Pajama day—another excuse not to work, another distraction for kids who already had too many.
“Okay, guys, in here it’s a workday, so put down the toys and get busy. You’ve got five minutes.” Under his gaze they settled down. The sky had grown inky black with cloud. The river would run high tonight. At his desk, he leaned back, resting his feet on an open drawer.
So this was it.
They must be serious this time. What else could he
expect after all the crap he’d pulled? It’d been fun, but he should have known it couldn’t last. Everything ended—everything. After what he’d lost, what was a career? It would almost be a relief to lose the last thing he cared about, the last thing binding him to the world.
He watched her working across the room with the same fascination he felt watching the river. He had to admit it—she was magnificent.

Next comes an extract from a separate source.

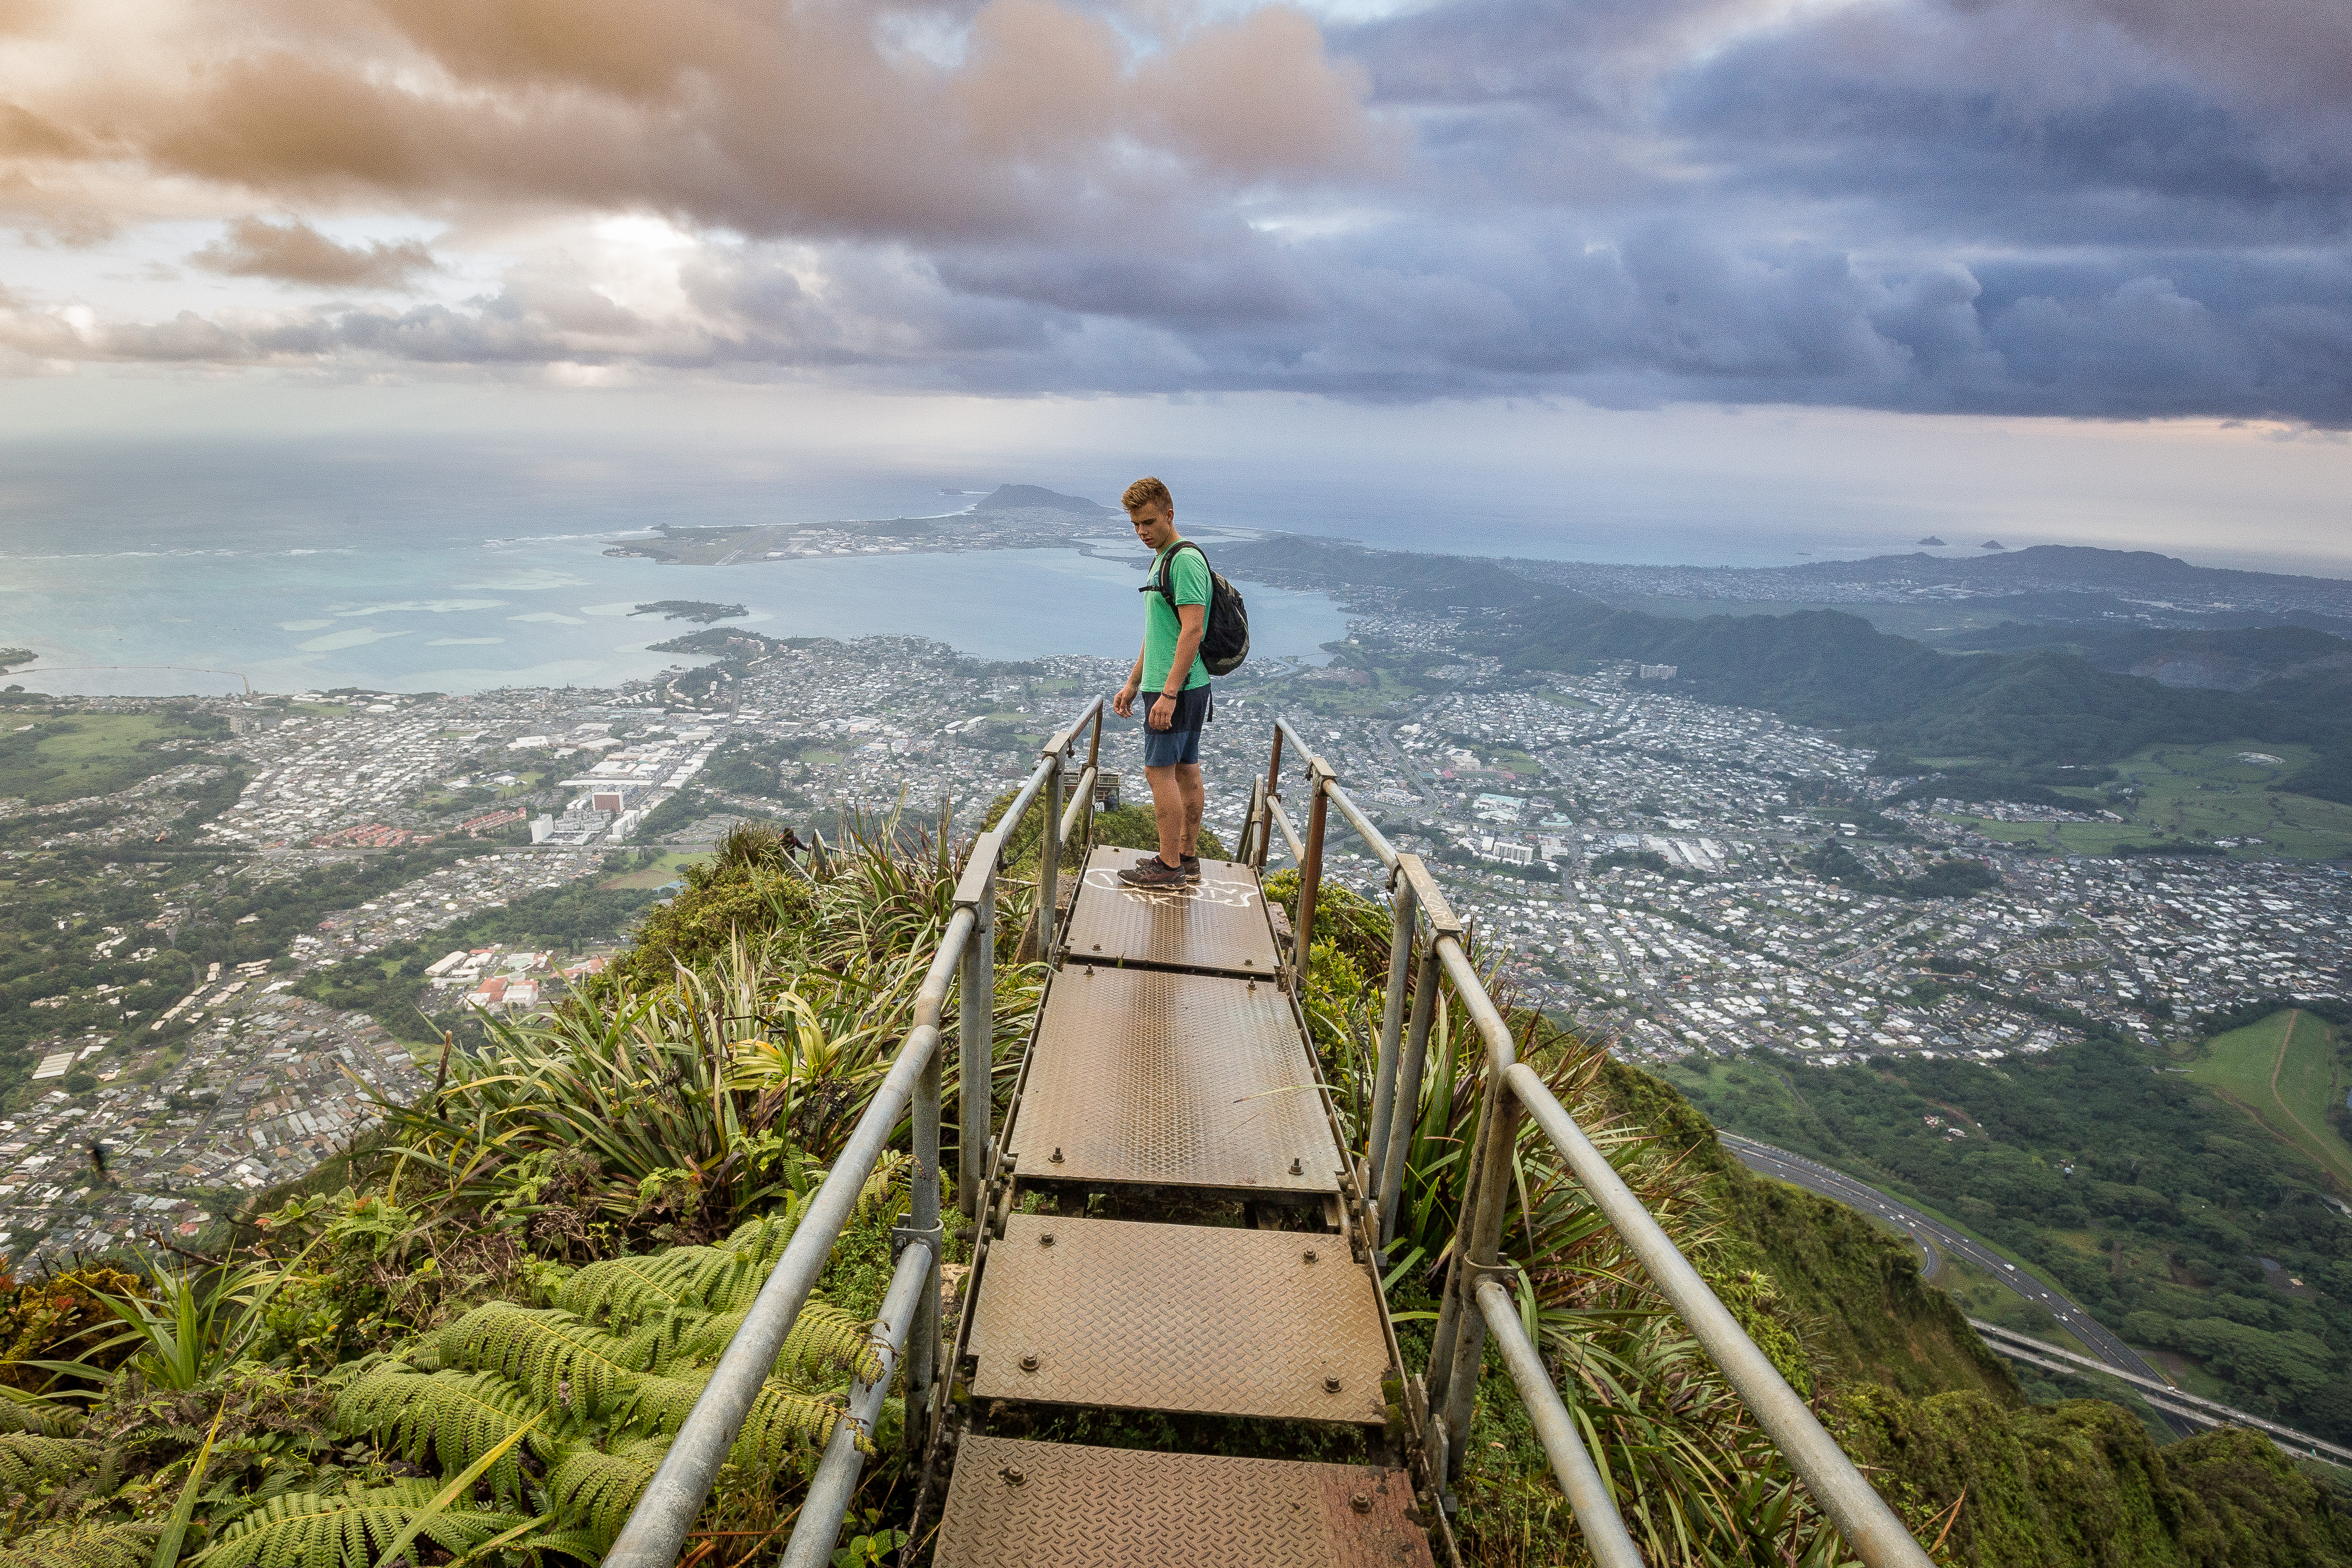 P_Tr_HI_Oahu_Haiku Stairs and Moanalua Ridge Hike_12.12.17-224.jpg

Best of all, she held herself as if she had no idea just how magnificent she was.
“Solange Gonsalvas— “ He said the name under his breath. An incantation of the unattainable. A charm against loneliness.
Solange Gonsalvas—his dark angel.
Seven years ago, a rookie teacher in her first job, she came to Elk River. Now she’d come full circle to finish him. It made a queer sort of sense in a way. Like a force of nature, deadly as a river in full flood, she would sweep him away without a thought.
• • •
Across the room, Solange sat listening. Through the walls on either side, she could hear loud talking and laughter from the neighboring classrooms. Here there was only the pinging of the radiator and the scratching of two dozen pencils on paper. Rain pattered against the windows. She felt comfortable in this room, safe, although she didn’t know why she should, so near to the man she’d come to ruin. He knew why she was here, yet there he sat, feet up, as if he hadn’t a care. What could he be thinking? She noticed him raise his glance, and rousing herself from her reverie, quickly typed her first note.
Copying engages only the lower cognitive domains. They could better be given a handout.
She wrote it, but felt something else. Glancing around the room, she felt a tension as they worked, but also a certain sense of comfort, of security. Routines were comforting in a way, she conceded, but having kids copy didn’t teach them to think. And wasn’t that why they were here? He’d been warned about that in the many notices of deficiency she’d read in his file. Yet he’d changed nothing.